После полуночи правит чёрт - страница 3

Шрифт
Интервал


– Неважно? Моя жена умерла. Странная и нелепая смерть. Повсюду кровь и ликвор. Боже мой, понимаете Вы или нет?! На газоне, на асфальте, на бордюре. Это ужас! Ужас! Мне пришлось хоронить её в закрытом гробу. В закрытом, понимаете? Мой маленький сын…

– Успокойтесь, Алексей Вольдемарович. В тот день вы были пьяны?

– Я не пью. Совершенно не пью. Уже пять лет.

– Есть свидетели, утверждающие, что в день операции от вас пахло алкоголем.

– Ложь. В тот день я переборщил с туалетной водой. Вот, и всё. Риточка подарила мне эту, хм, вонючую туалетную воду на день рождения. Отвратительный аромат, совершенно не мой. Это был запоздалый жест в честь покойной жены, понимаете? Я никогда не пользовался её подарком до того злополучного дня.

– Хорошо. Стойте на своём, что бы ни случилось. Обвинение будет утверждать, что в тот вы были не в себе. Не нужно им в этом помогать, больше ни слова о семейной трагедии. Это не имеет к делу никакого отношения.

– Какое дело? Это была рядовая кератопластика, всего лишь пересадка роговицы. Я могу всё исправить. Сам. Хоть сегодня.

– Вы уже наворотили дел. Молитесь, чтобы срок был условный.

– Какой срок, Наташа? Это всего лишь недоразумение. Та пациентка и так ни черта не видела. Она не могла ослепнуть. Не могла, Наташа!

– Я не Наташа.

– Чёрт!

Глава 2. В доме точно кто-то есть

Тут-тук. Тук-тук. Чирк.

Егор вздрогнул и проснулся. В окно детской заглядывала полная луна. Облака оплетали небесное светило, словно воздушное бабушкино кружево, которая та вязала крючком длинными зимними вечерами. Егор бабушку любил. Бабушка жарила на чугунной сковородке вкусные пирожки с картошкой и пела внуку песни. Не те глупые колыбельные песни, которые поют маленьким детям, а настоящие, взрослые: про жизнь и смерть, боль и несправедливость, любовь и разочарование.

Тук-тук.

Не послышалось. Егор присел в тёплой постели и до боли напряг свой чуткий детский слух. Едва слышно тикали настенные часы, а где-то внизу работал телевизор. Наверное, папа не спал. Возможно, сидел сейчас на новеньком кожаном диване в обнимку со своей молодой женой. Егор брезгливо сплюнул и оттолкнул от себя душное одеяло.

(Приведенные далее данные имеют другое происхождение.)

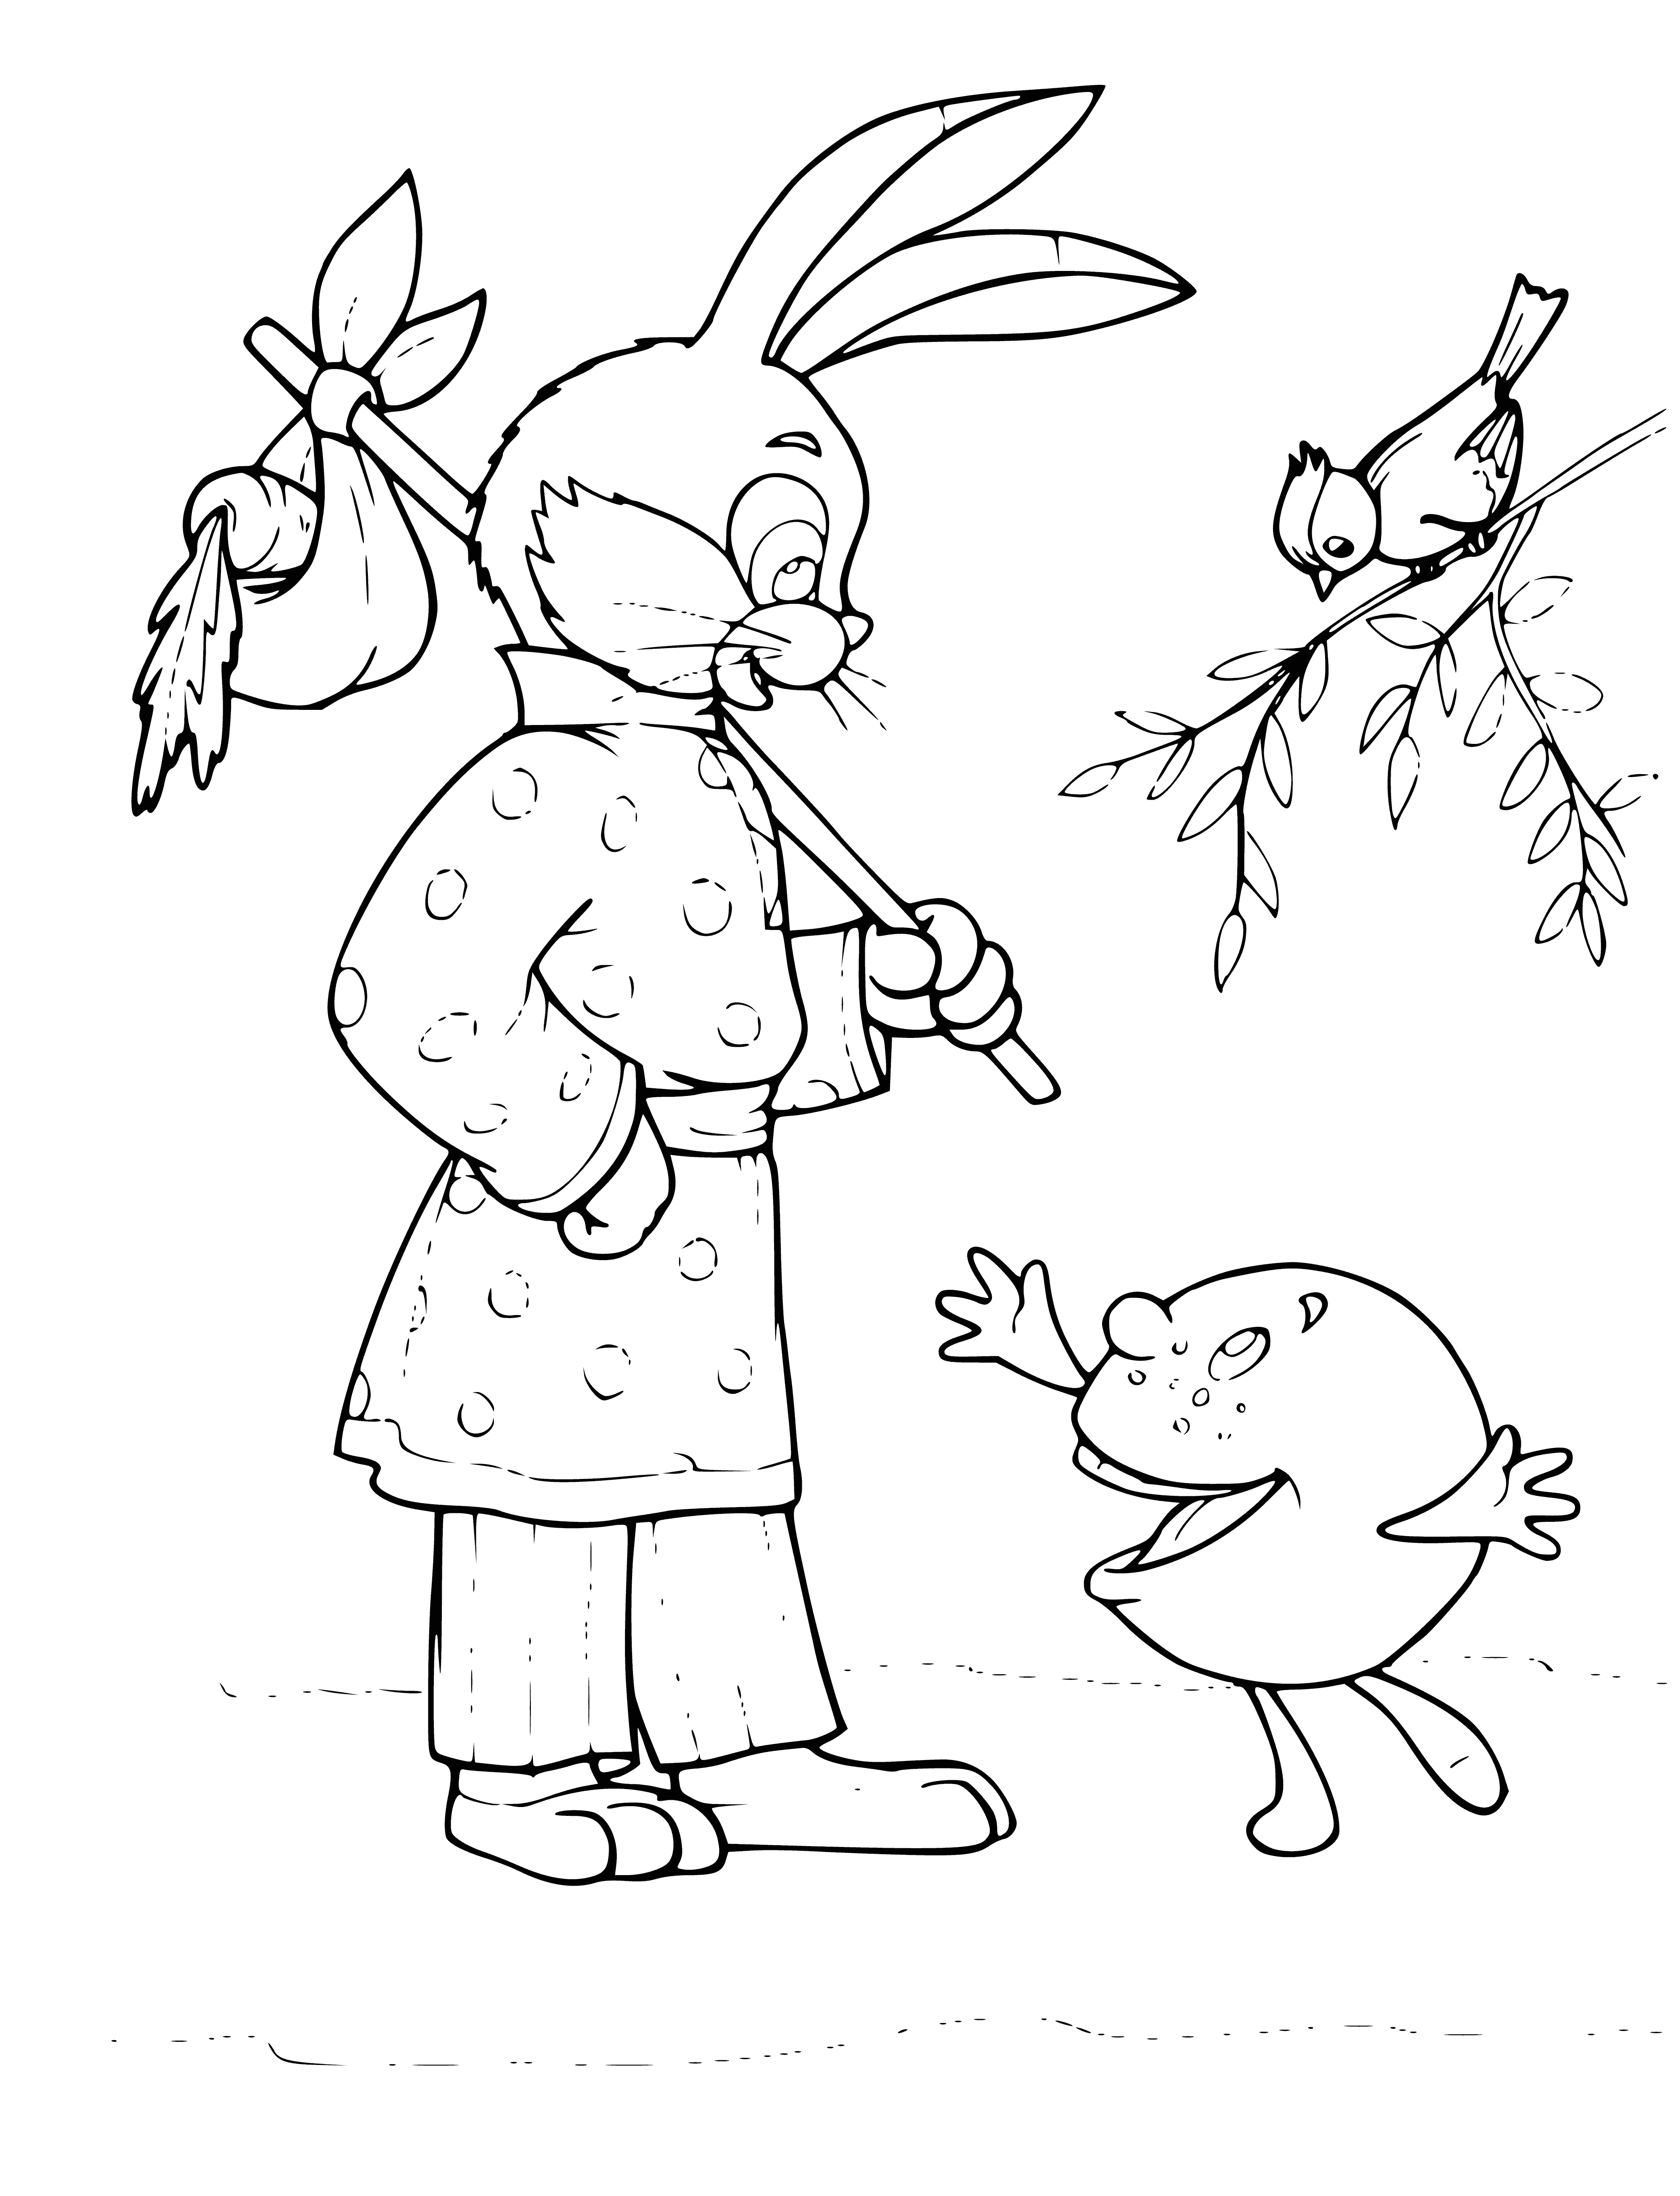 coloring page: Gingerbread man outruns hare in Russian folk tale; the hare never catches him.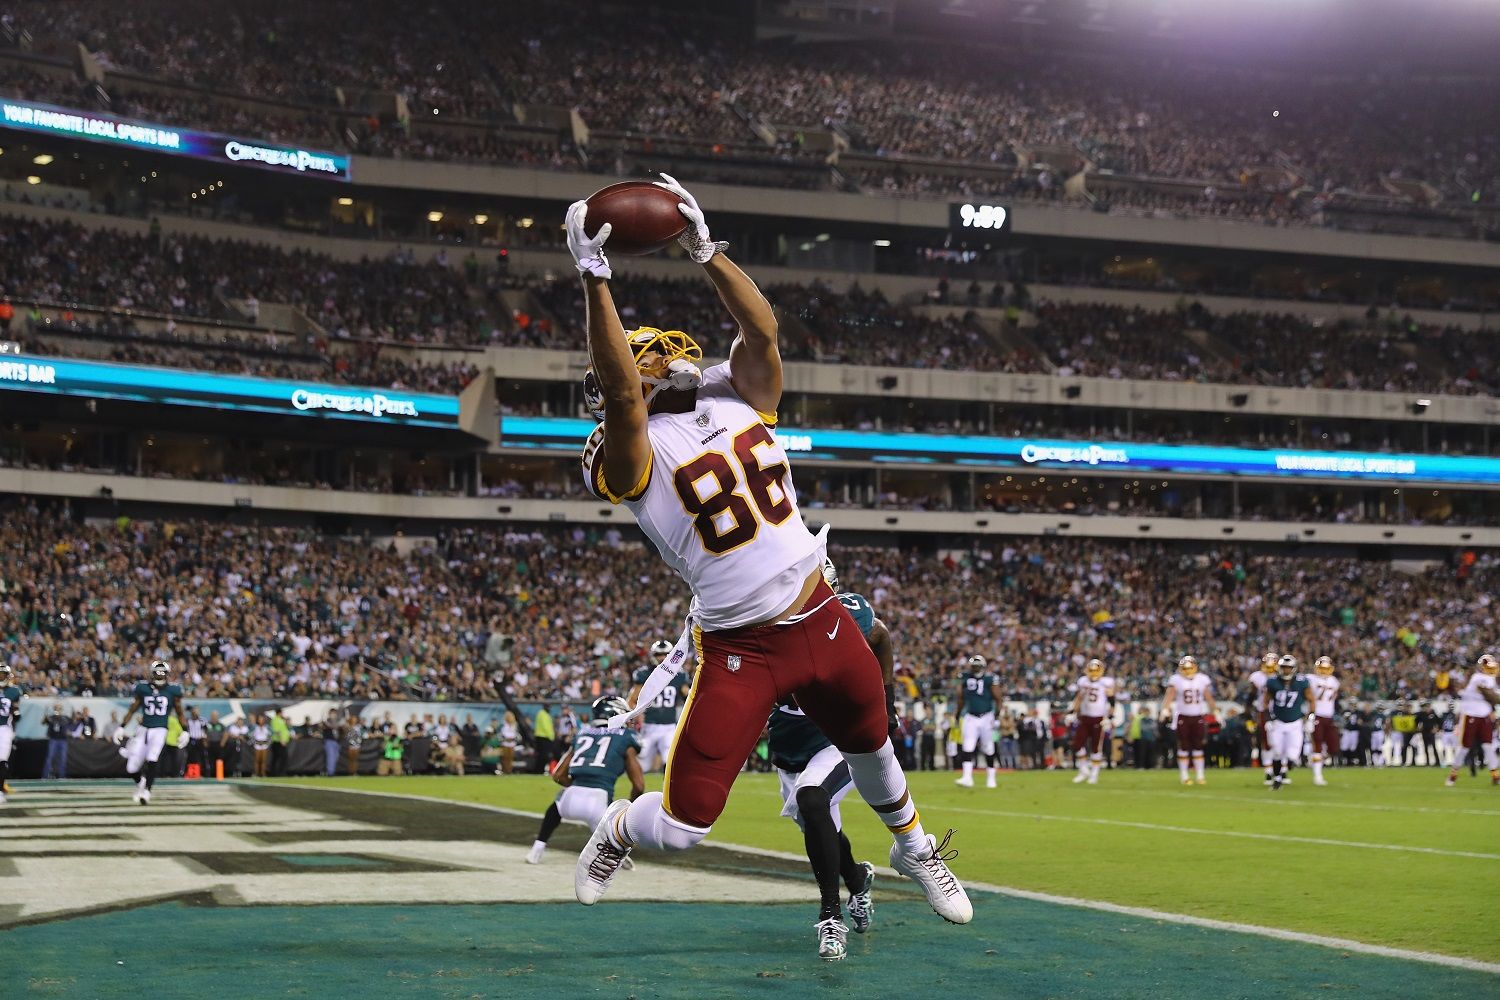 PHILADELPHIA, PA - OCTOBER 23:  Jordan Reed #86 of the Washington Redskins scores a touchdown that is called back during the second quarter of the game against the Philadelphia Eagles at Lincoln Financial Field on October 23, 2017 in Philadelphia, Pennsylvania.  (Photo by Elsa/Getty Images)

Катька. Всё бельё пахло теперь её вонючими, сладковатыми духами, от которых у Егора закладывало нос. Конопатая и рыжая, с круглыми карими глазами и тонкими ножками, мачеха напоминала мальчику степную саранчу, прилетевшую уничтожить пшеничное поле. Катька забрала Егоркиного папу. Тот привёл её в их городскую квартиру уже через месяц после смерти мамы. Егор слышал однажды, как соседки шептались, что папина Катька едва-едва закончила школу и иметь такую юную жену для пятидесятилетнего профессора стыдно.